Proper data organization makes it easier to use your data.  An organized file structure and standard naming tells you what data are contained in a particular file and when it was created. Version control help you keep track of steps taken in your research process. 

Having organized data also makes your research more accessible to other researchers. People who work with your data will want to know what is in each data file, how to access it, when it was created, and much more. Organized data allows others to replicate your research or use your data for further research.

This module lists tips and best practices for data organization.

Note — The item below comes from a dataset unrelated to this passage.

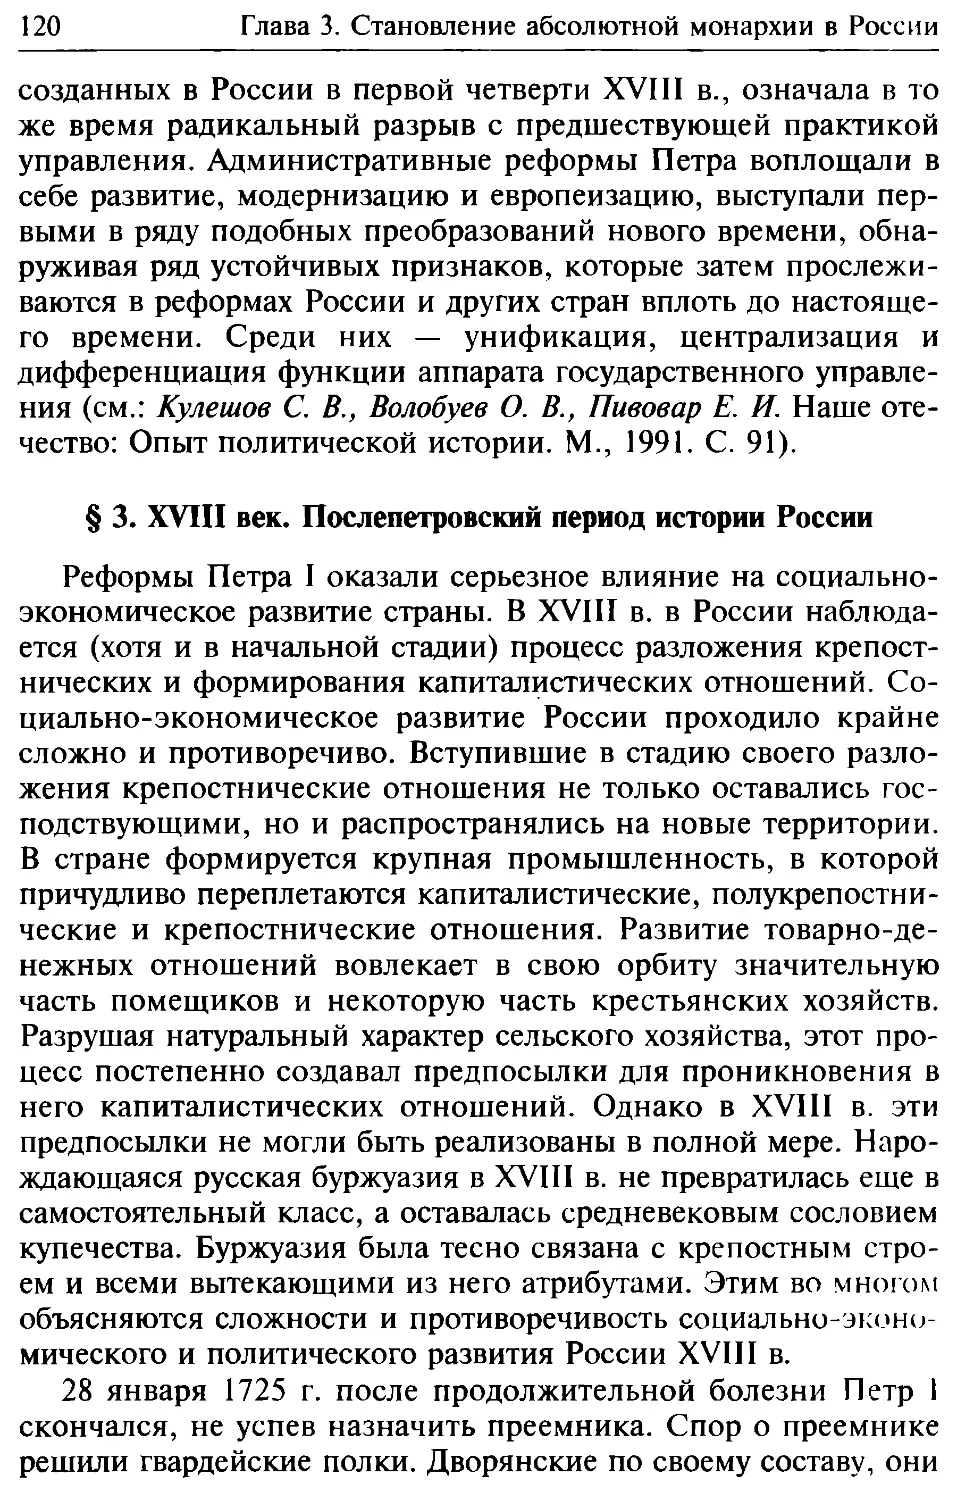 § 3. XVIII век. Послепетровский период истории России

Avoiding Pitfalls: Some Data Organization Case Studies

Here are some data organization problems that have been experienced by other students:

"I found the data that I wanted about tobacco use at the Center for Disease Control web site. In the course of my research, I decided to include the exposure to second hand smoke as part of my analysis. Because I didn't include any variables about second hand smoke in my original data download, I had to go back and download data again. This time, I included the additional variables that I wanted. Unfortunately, I saved the new data file in the same place as the first. Also, I gave them both similar names that didn't distinguish between the two versions. I accidentally used the wrong data file for part of my analysis and now have to redo a bunch of work."

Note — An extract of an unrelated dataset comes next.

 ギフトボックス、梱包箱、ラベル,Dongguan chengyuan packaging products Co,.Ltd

Clear and consistent naming of data files is very important in order to avoid confusion during your research.  Always give your files descriptive names that include information such as download date and version.  

"Last year when I was a junior, I did a survey about people's sleep habits. This year as a senior, I'm planning to use that data again along with collecting some new data on the same topic for my honors project. Unfortunately, I did not give my variables clear names and I did not create any documentation on what steps I took with the data for my analysis. The data I have from last year is just my final analysis results. Now I don't remember what all the variable names mean or all the steps that I took to do my data analysis."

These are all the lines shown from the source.